# Fence and tombstones are out!



## widowsbluff (May 24, 2006)

We have the fence and the tombstones out. The lighting is a major addition to the haunt this year and we are still messing around with placement and I am still working out the bugs with the nightime shots.


----------



## jdubbya (Nov 6, 2005)

Really nice! I personally like to see graveyards with lots of stones. Very authentic. What color light scheme are you planning?


----------



## ScareFX (Aug 18, 2004)

Looking good widowsbluff. I agree with jdubbya...lot's of stones make a nice scene.


----------



## Dreadnight (Jul 9, 2006)

Lookin great WB... you're gonna get a lot of drive-bys!


----------



## Lilly (Jun 13, 2006)

yup ;looks great 
i like your devil in the window, 
I'm thinking of adding a few more tombstones this yr also.
seems more visible


----------



## widowsbluff (May 24, 2006)

Thanks,
I had to take most of it down last night due to rain and some pretty gusty winds.

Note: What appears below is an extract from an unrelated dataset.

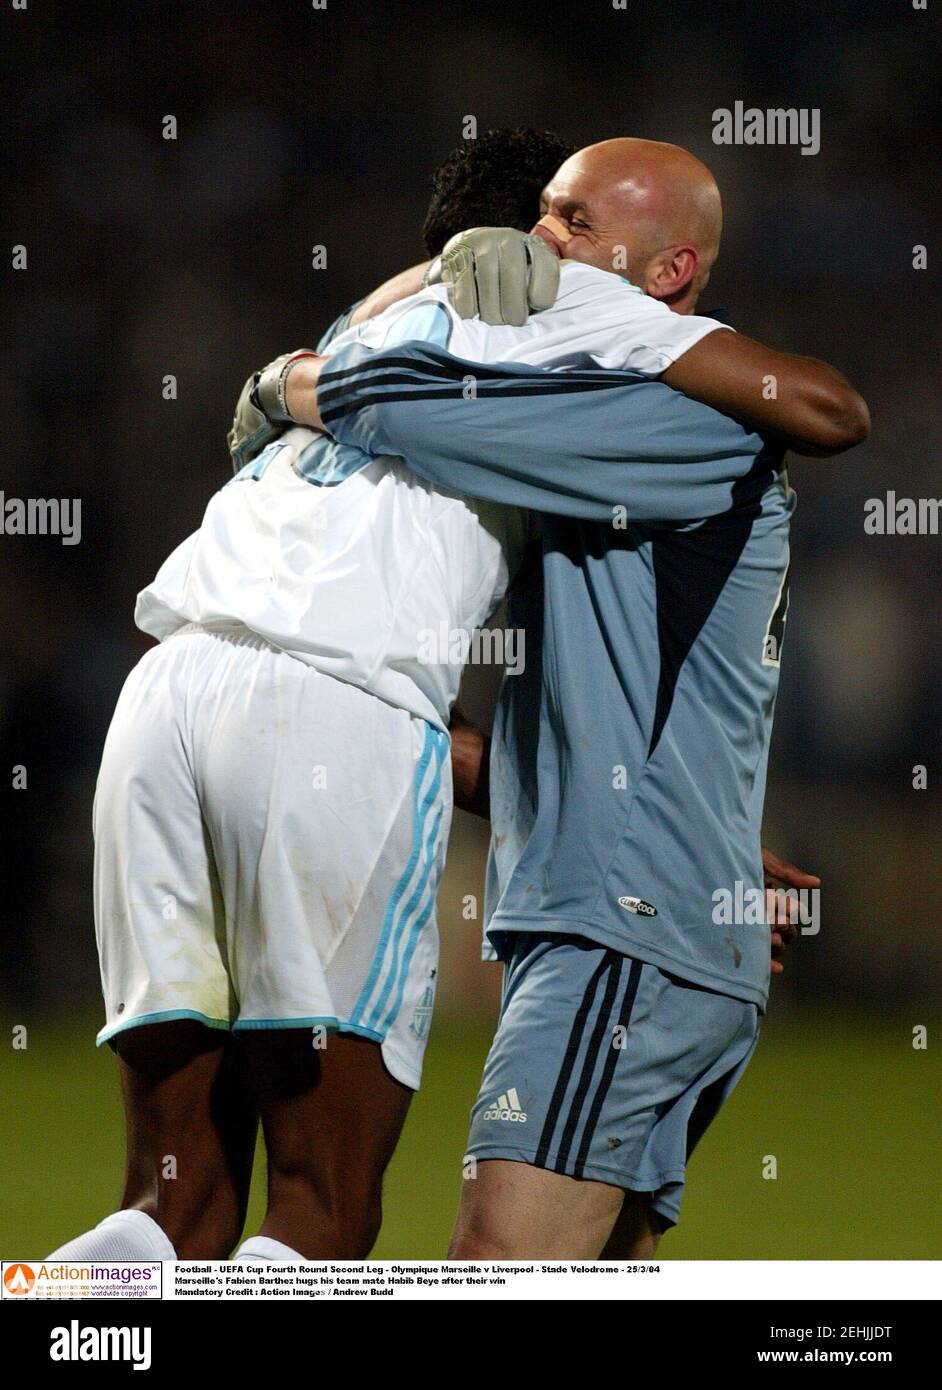 Football - UEFA Cup Fourth Round Second Leg - Olympique Marseille v Liverpool - Stade Velodrome - 25/3/04  Marseille's Fabien Barthez hugs his team mate Habib Beye after their win  Mandatory Credit : Action Images / Andrew Budd Stock Photo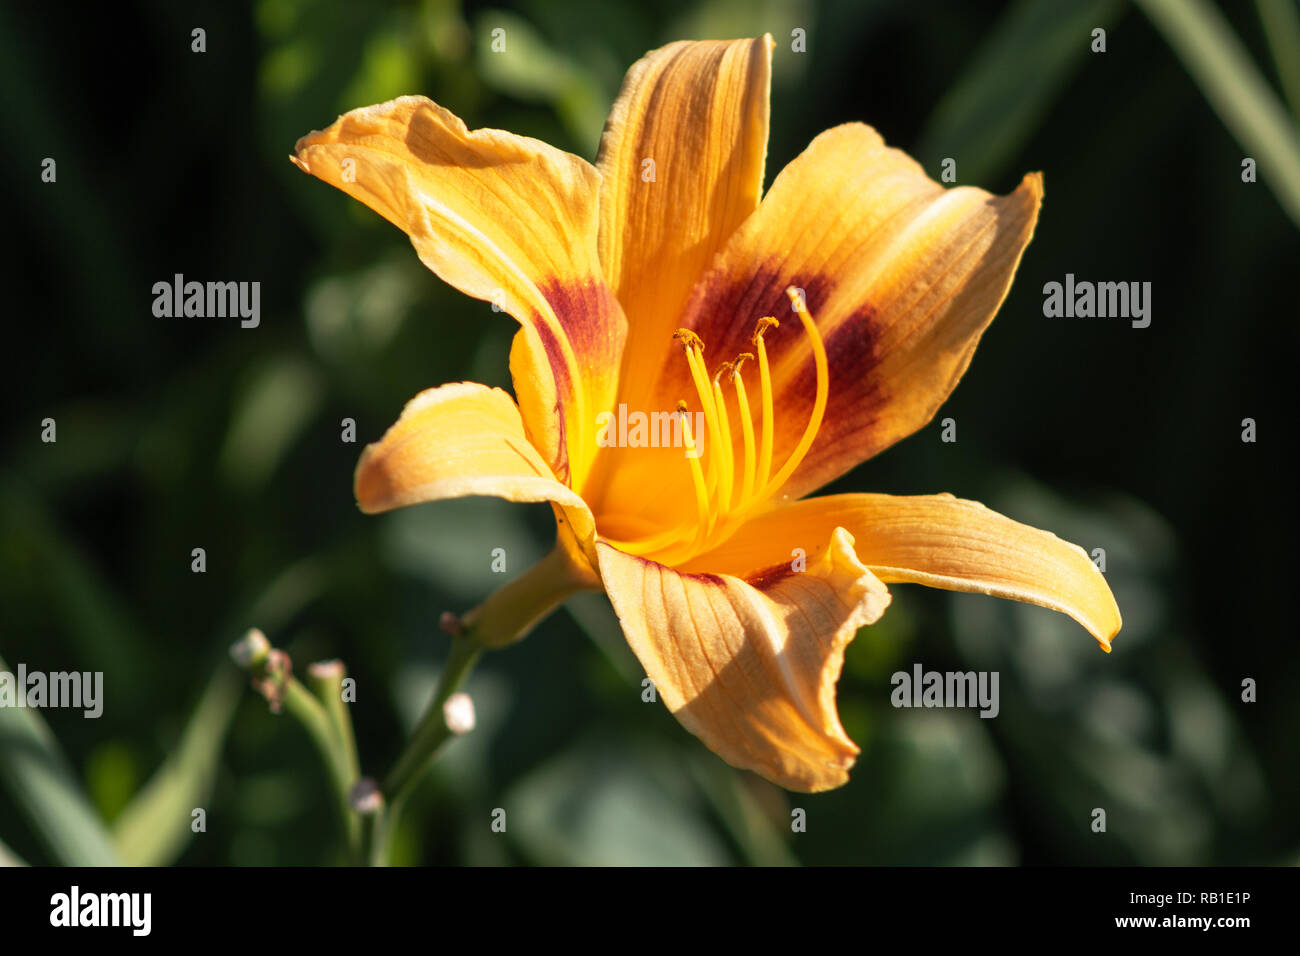 Orange Day Lily growing in a garden Stock Photo

I am using the lighting tips from skull and bone, I am trying to get into the mindset that lighting is also a prop, albeit an expensive one. We got quite a bit of traffic over the weekend and then it tappered off. We try to add new stuff every weekend to keep the interest up.


----------



## slimy (Jul 12, 2006)

The lighting looks great. Keep it up. Drive by's are one of my favorite parts of the holiday. You should get lots of them.


----------



## gypsichic (Jun 6, 2006)

lookin good!!!

hey! i did a drive by for your house slimy and got labeled a stalker!


----------



## spokanejoe (Sep 16, 2006)

That looks great! Now I need MORE headstones!!!


----------



## mrklaw (Nov 11, 2005)

looks really good. I can't wait to finish my fence so that I can put my stuff out.


----------



## DeathTouch (Sep 6, 2005)

That is some really nice Tombstones!


----------